Doch ist die Arbeit im Fakultätsmanagement in unbefristeter Festanstellung mit vielseitigen Aufgaben und wertschätzenden Kollegen zu schön, um wirklich wahr zu sein?

Bisher wenig Aufstiegschancen

Einen Haken hat der Job sehr wohl. Die Aufstiegschancen gehen derzeit jedenfalls gegen Null. Nur drei Prozent der Befragten halten ihre Karriereaussichten für besser als in der Wissenschaft. Die Mehrheit (61 Prozent) schätzt sie deutlich schlechter ein. Die Karriereleiter bricht beim Fakultätsmanager also ab – weiter nach oben an der Hochschule geht es für diese Beschäftigtengruppe kaum.

Doch das finden die meisten scheinbar gar nicht so schlimm. „Man braucht eine intrinsische Motivation für diesen Beruf“, sagt Kaja Boxheimer, „dann wird einem auch nie langweilig.“ Denn der Job birgt Potenzial. Da das Berufsfeld noch recht jung ist, entwickle es sich enorm weiter, sagt Juliane Lanz. Es sei spannend und herausfordernd, daran mitzuwirken und es zu gestalten. Das sehen ihre Kolleginnen und Kollegen ähnlich: 83 Prozent geben an, dass sie auf ihrer derzeitigen Stelle bleiben und sie weiterentwickeln möchten. Stellenwechsel in ein Wissenschaftsministerium, in das Amt eines Hochschulkanzlers oder -präsidenten oder ins Management einer Forschungseinrichtung oder wissenschaftsnahen Organisation sind keine Alternativen, die herausstechen in der aktuellen Befragung.

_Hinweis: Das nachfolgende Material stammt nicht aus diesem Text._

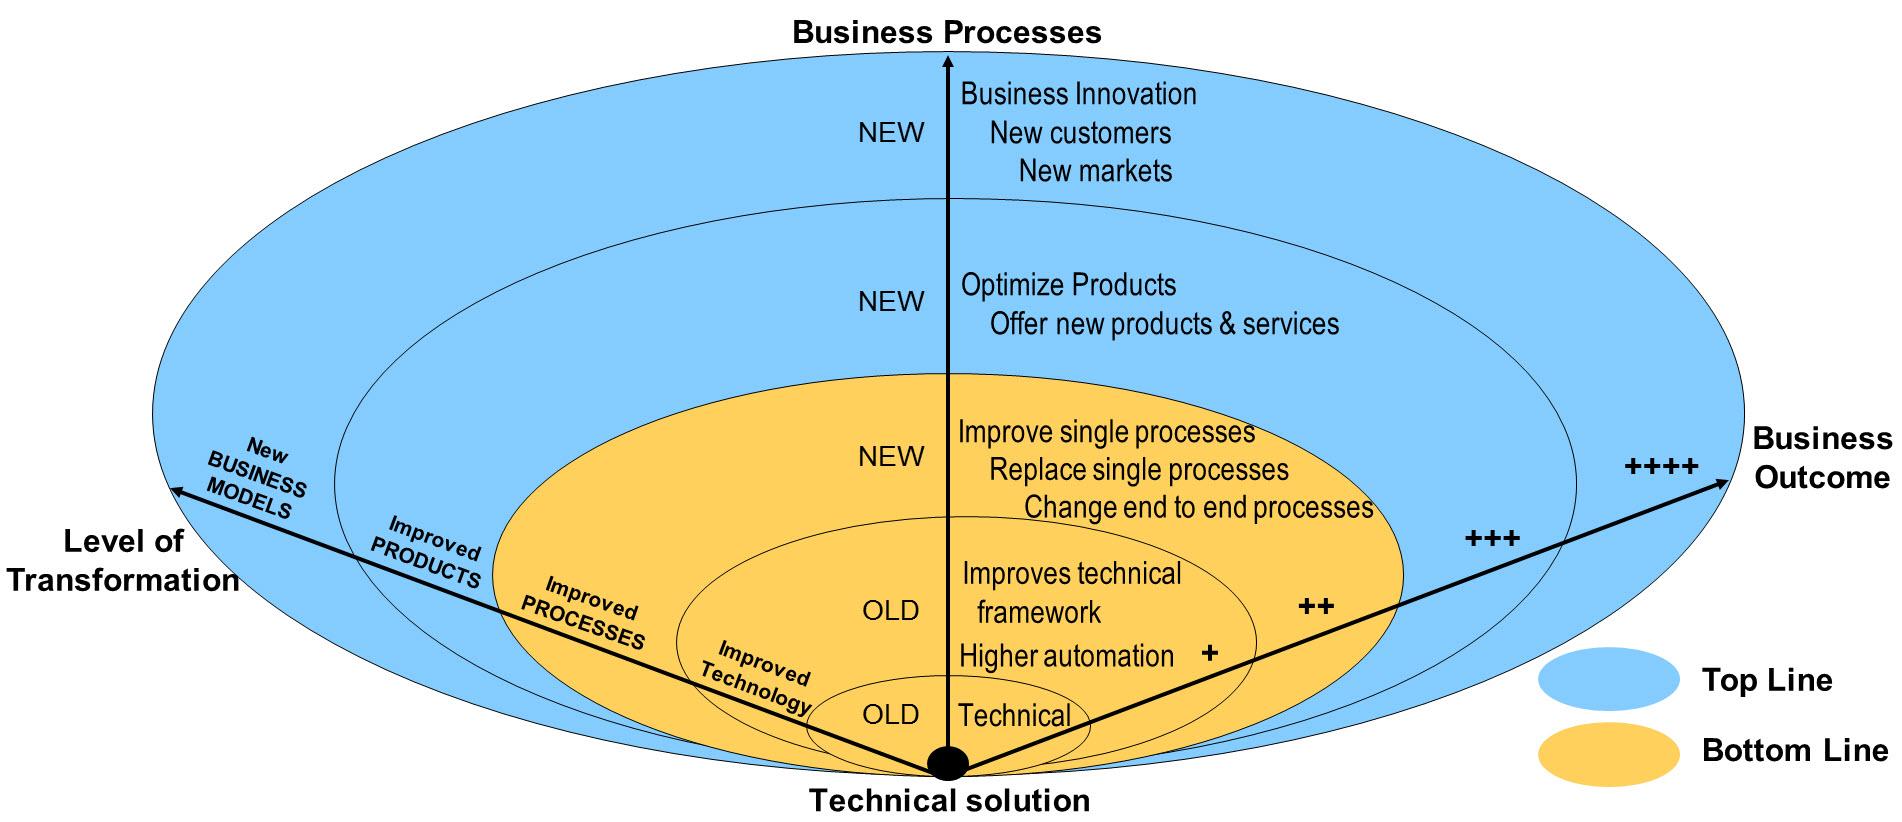 Uncategorized | SAP Blogs | Page 3886

Das Stimmungsbarometer steht also im grünen Bereich. Verbesserungsvorschläge haben die Fakultätsmanager dennoch: In erster Linie wünschen sie sich Chefs, die ihnen weitgehend freie Hand geben (sieh Infokasten) und auf ihre Kompetenzen vertrauen.

Erwartungen an die Chefs

Die grauen Eminenzen

Selbstbewusst und professionell: Sind Fakultätsmanagerinnen und -manager von heute die heimlichen Machthaber im Dekanat von morgen? Möglich. Ihre Erwartungen an die Dekane jedenfalls lassen darauf schließen: Diese sollen auf die Fachkompetenz ihrer Manager vertrauen und ihnen Freiräume gewähren.

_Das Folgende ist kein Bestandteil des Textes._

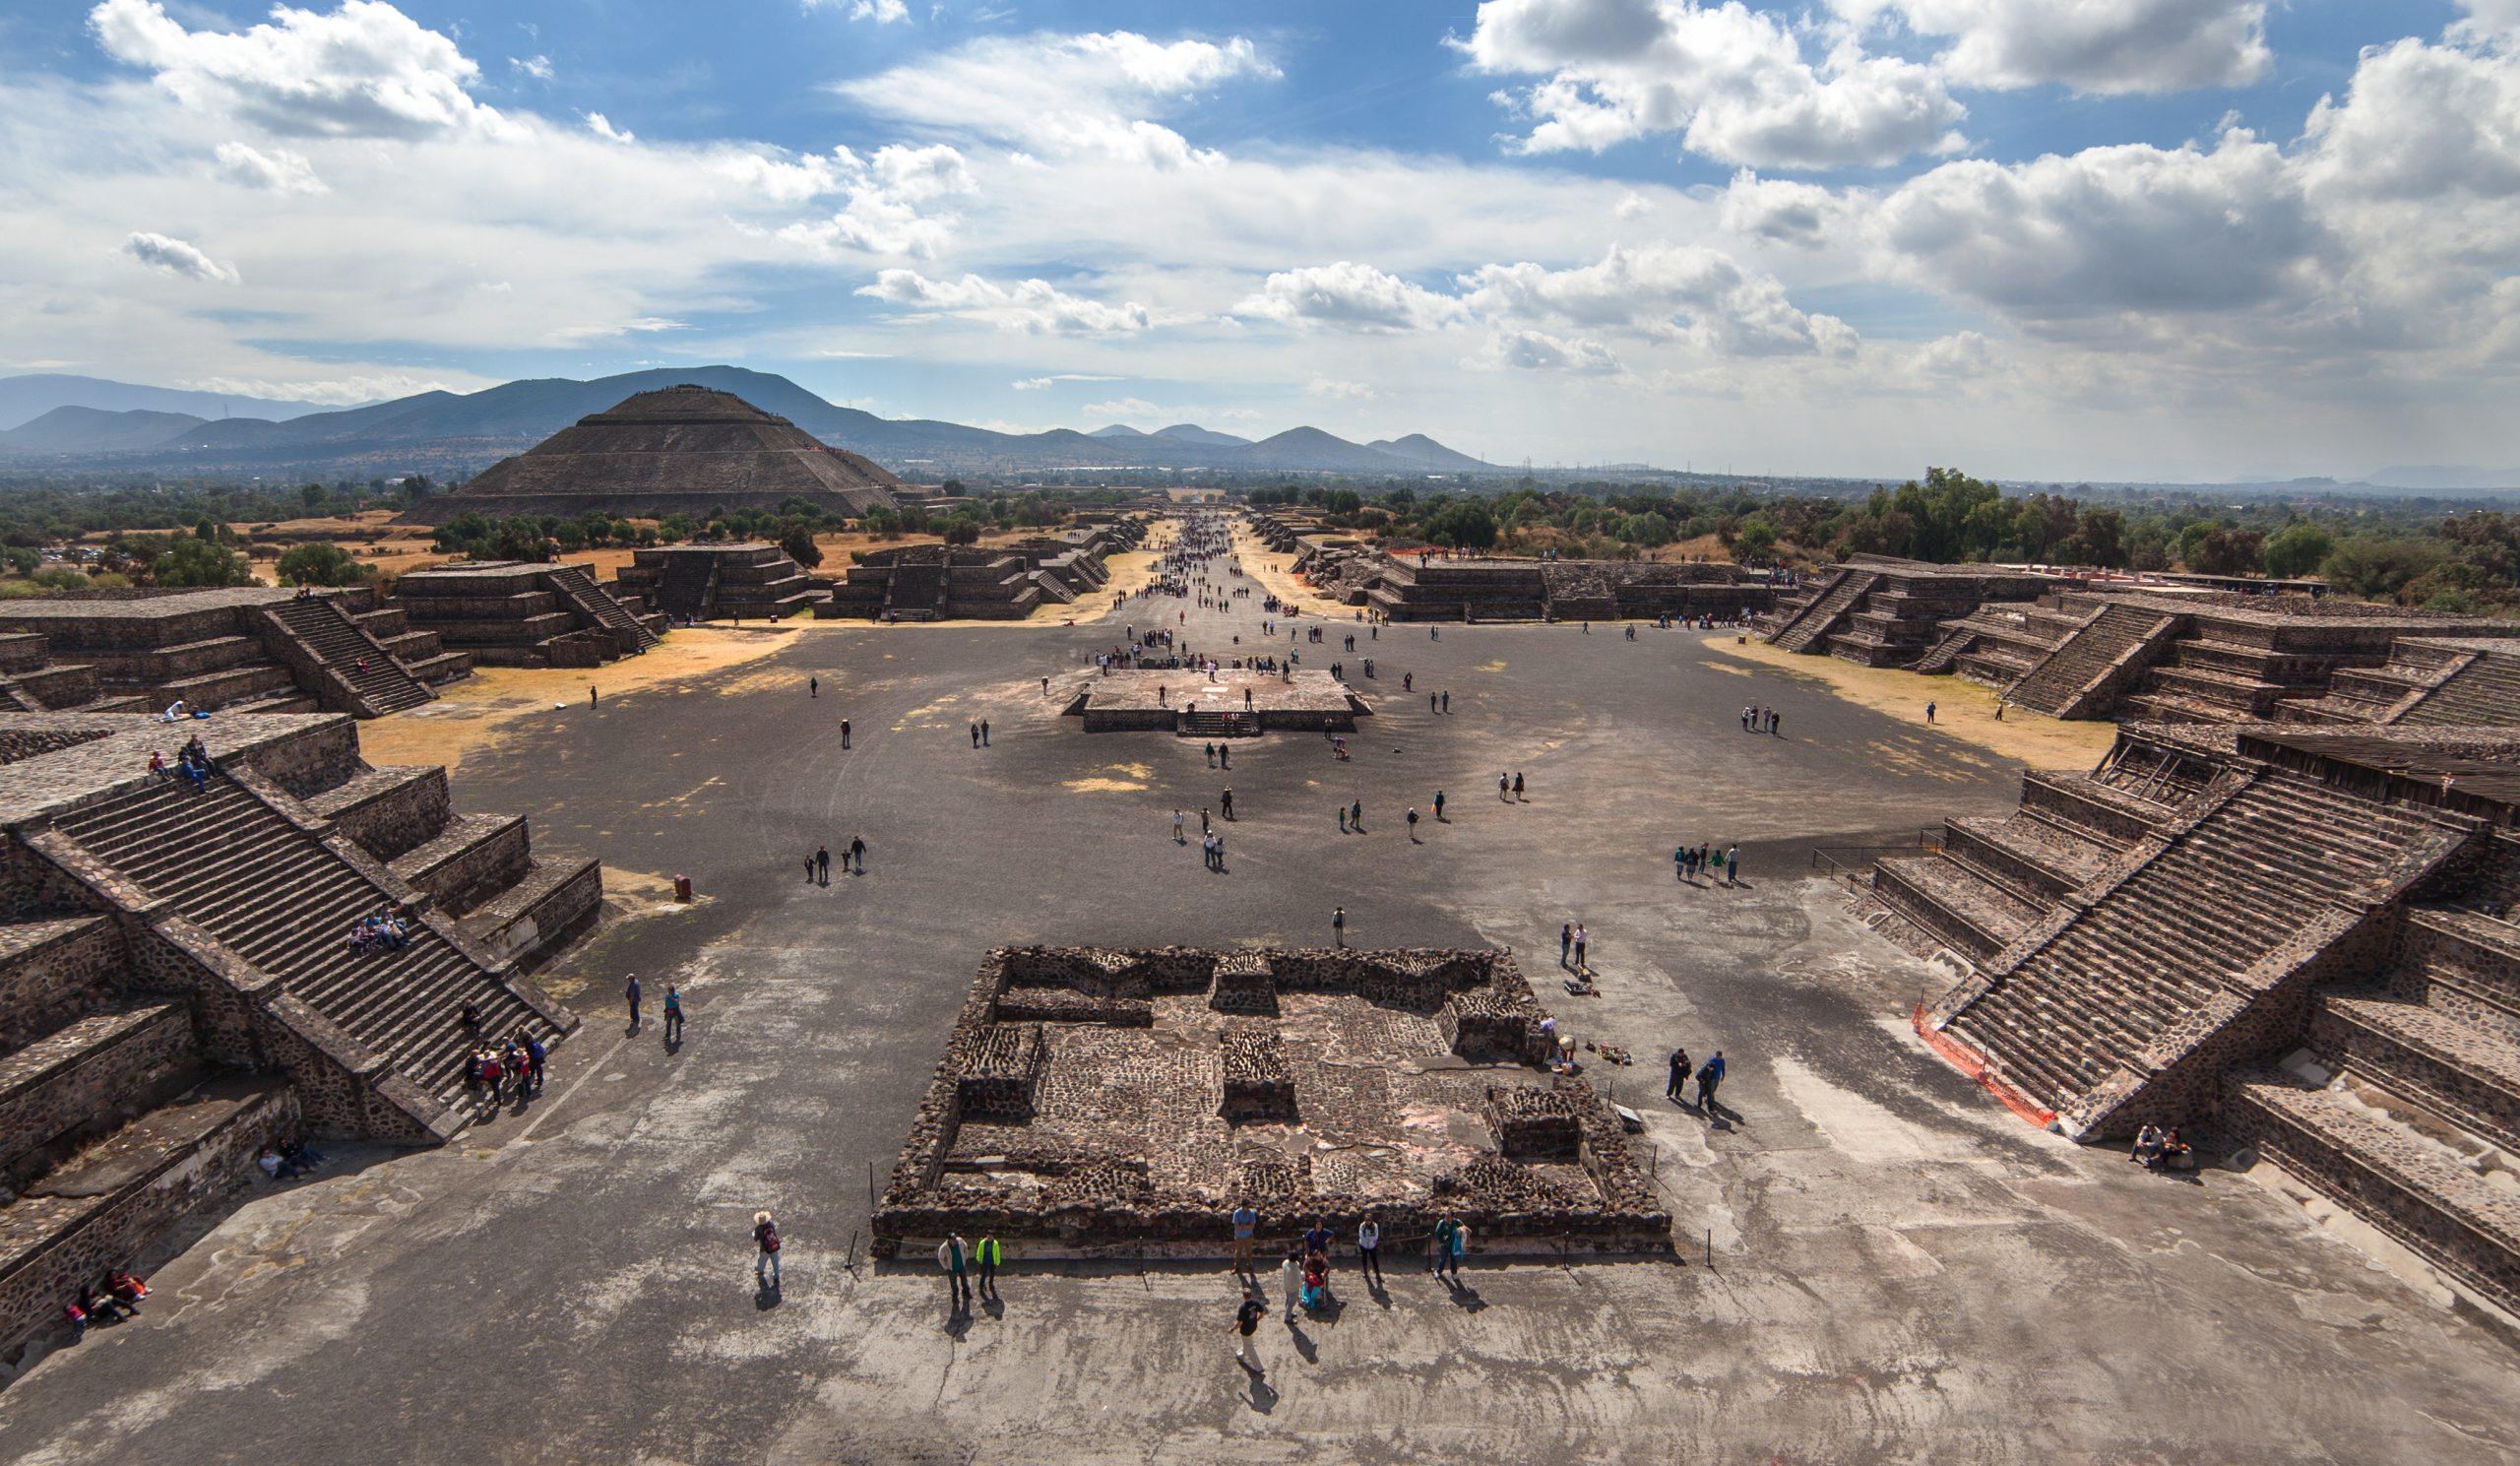 Visitando la Ciudad prehispánica de Teotihuacán

Einen Chef, der hinter ihnen steht und sich auf ihre Kompetenzen verlässt: Das wünschen sich die meisten Fakultätsmanager laut der aktuellen Befragung, erstellt vom Centrum für Hochschulentwicklung (CHE). Führungskompetenz vermitteln die Dekane nach Ansicht ihrer Mitarbeiter also nicht, indem sie alles an sich reißen und einsame Entscheidungen treffen. Als Chefs gern gesehen sind sie dann, wenn sie zwar gerne entscheiden, doch dabei auf die Kompetenz ihrer Mitarbeiter vertrauen. Demzufolge sind das die wichtigsten Eigenschaften eines guten Dekans.

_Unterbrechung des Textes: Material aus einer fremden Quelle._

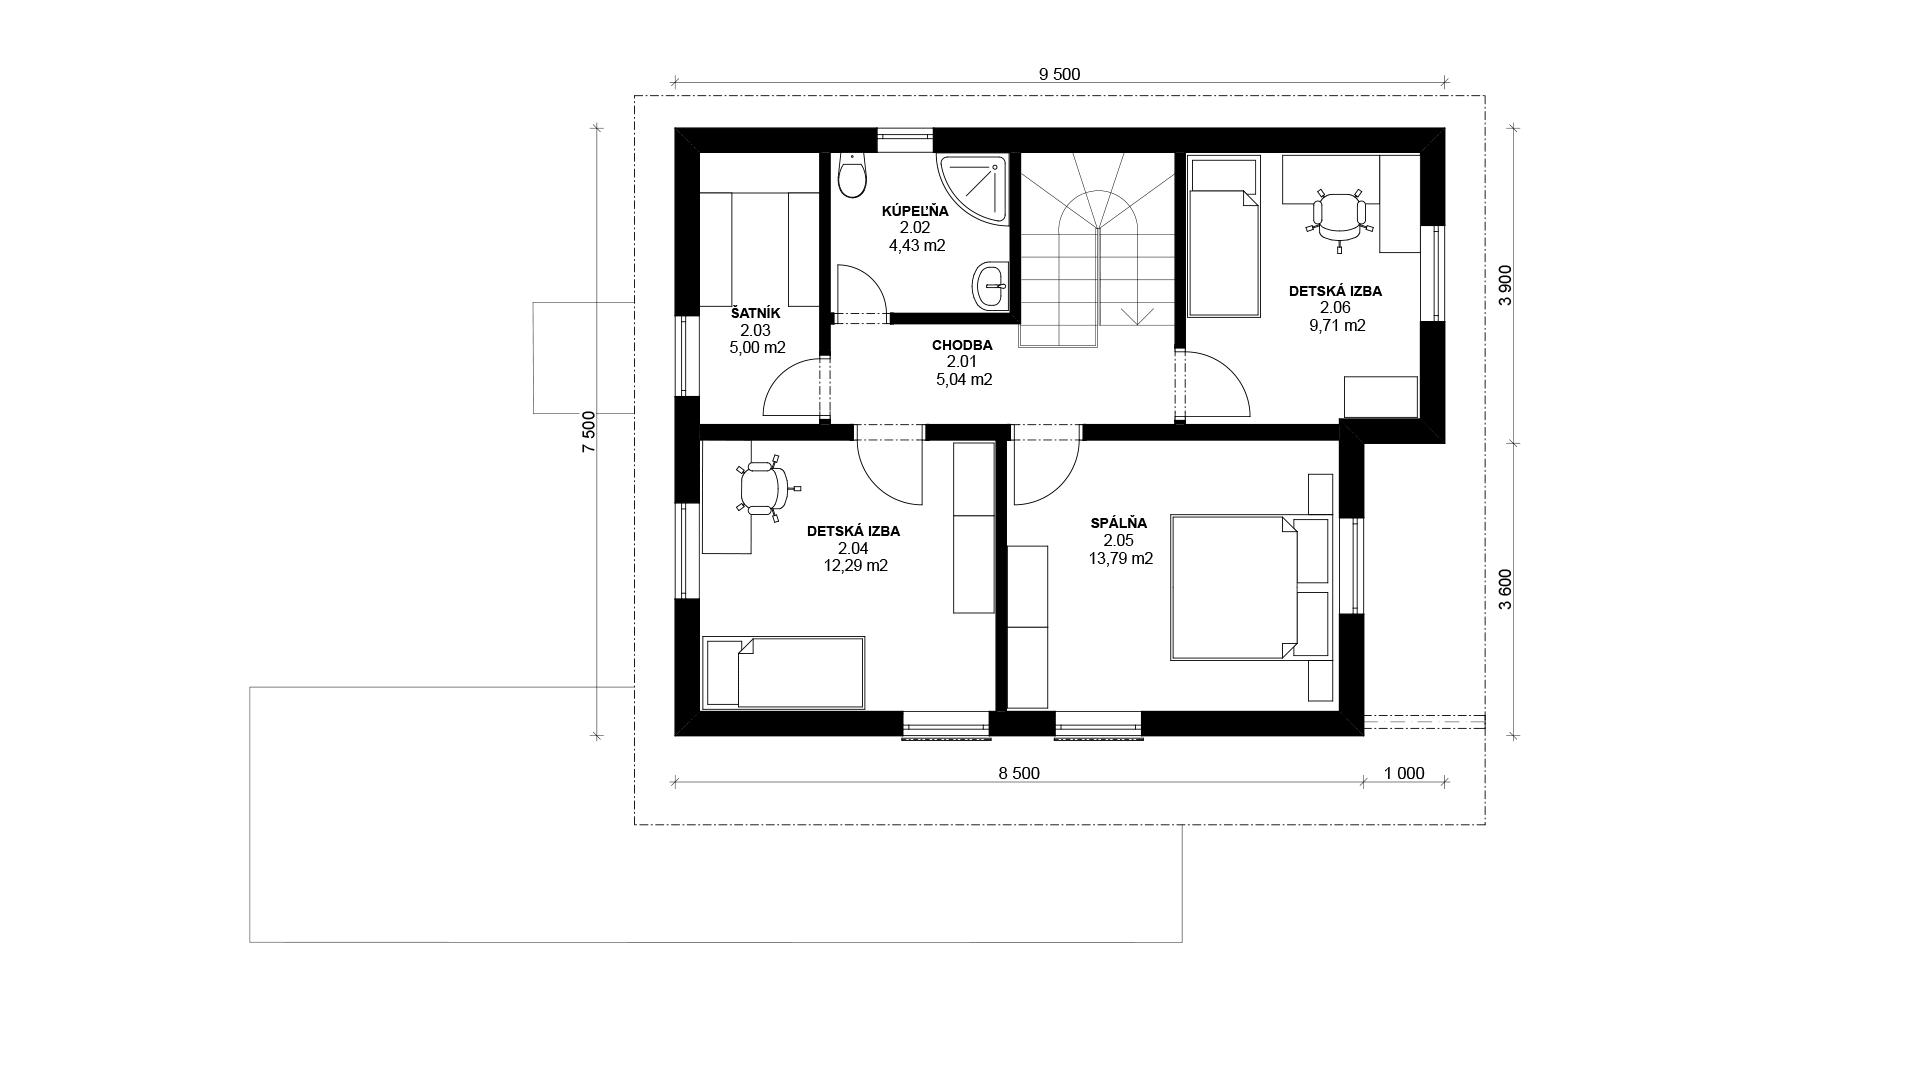 Karta-domu-Richie_06_zelená stavba

Dass ihr Chef ein guter Wissenschaftler ist, halten die Befragten für weniger wichtig. Ein Leibniz-Preis macht seinen Träger noch lange nicht zu einem guten Vorgesetzten. Führungsqualitäten der Dekane sind im täglichen Verwaltungsgeschäft mehr gefragt. Dazu gehören laut Fakultätsmanager, dass der Dekan ihnen Freiräume lässt und ihnen so viel wie möglich Verantwortung einräumt.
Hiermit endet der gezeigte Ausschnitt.